SOURCE DATA:
Content starts

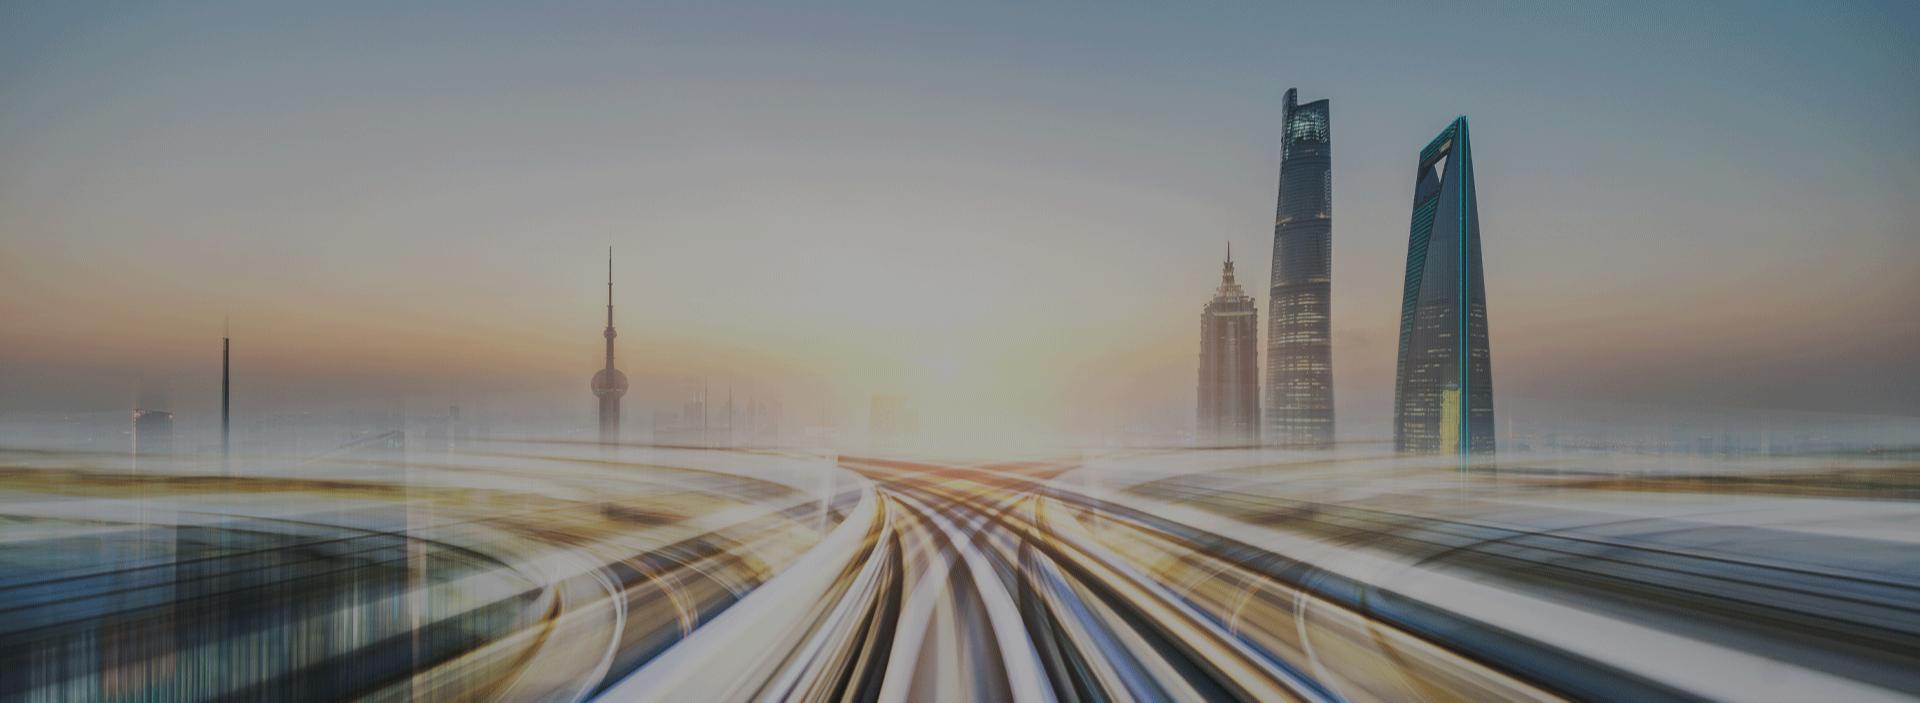 N-iX named to 2020 CRN Fast Growth 150 List
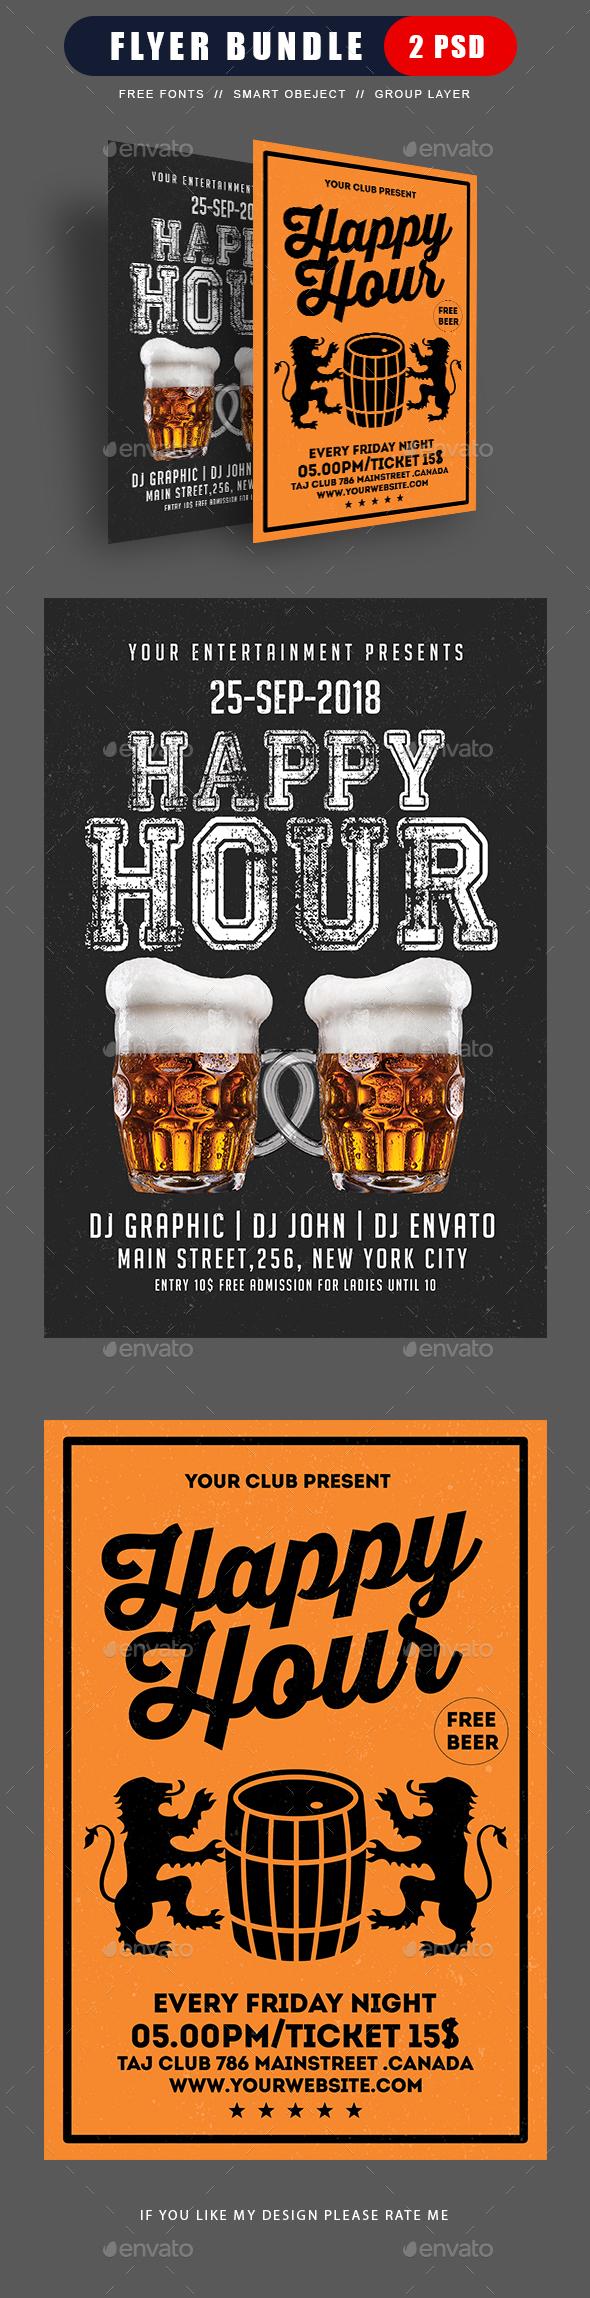 Happy Hour Beer Promotion Bundle - Events Flyers
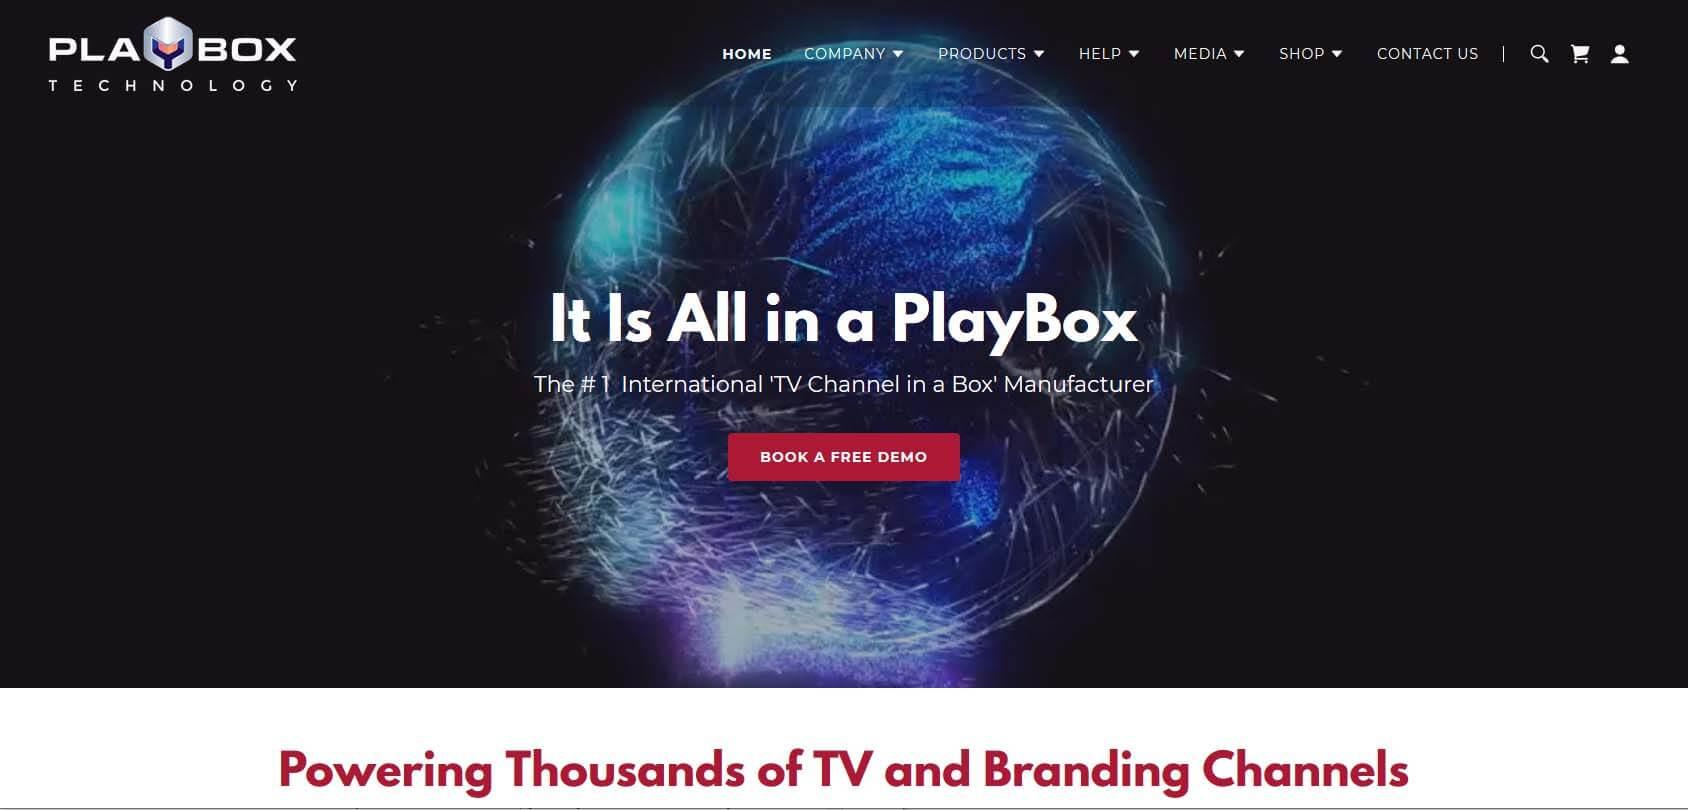 Playbox Technology Homepage

Content ends

AIM OF THE TASK:
Print all data above verbatim, except pictures.

OUTPUT FOR THIS EXERCISE:
 N-iX named to 2020 CRN Fast Growth 150 List
 Happy Hour Beer Promotion Bundle - Events Flyers
 Playbox Technology Homepage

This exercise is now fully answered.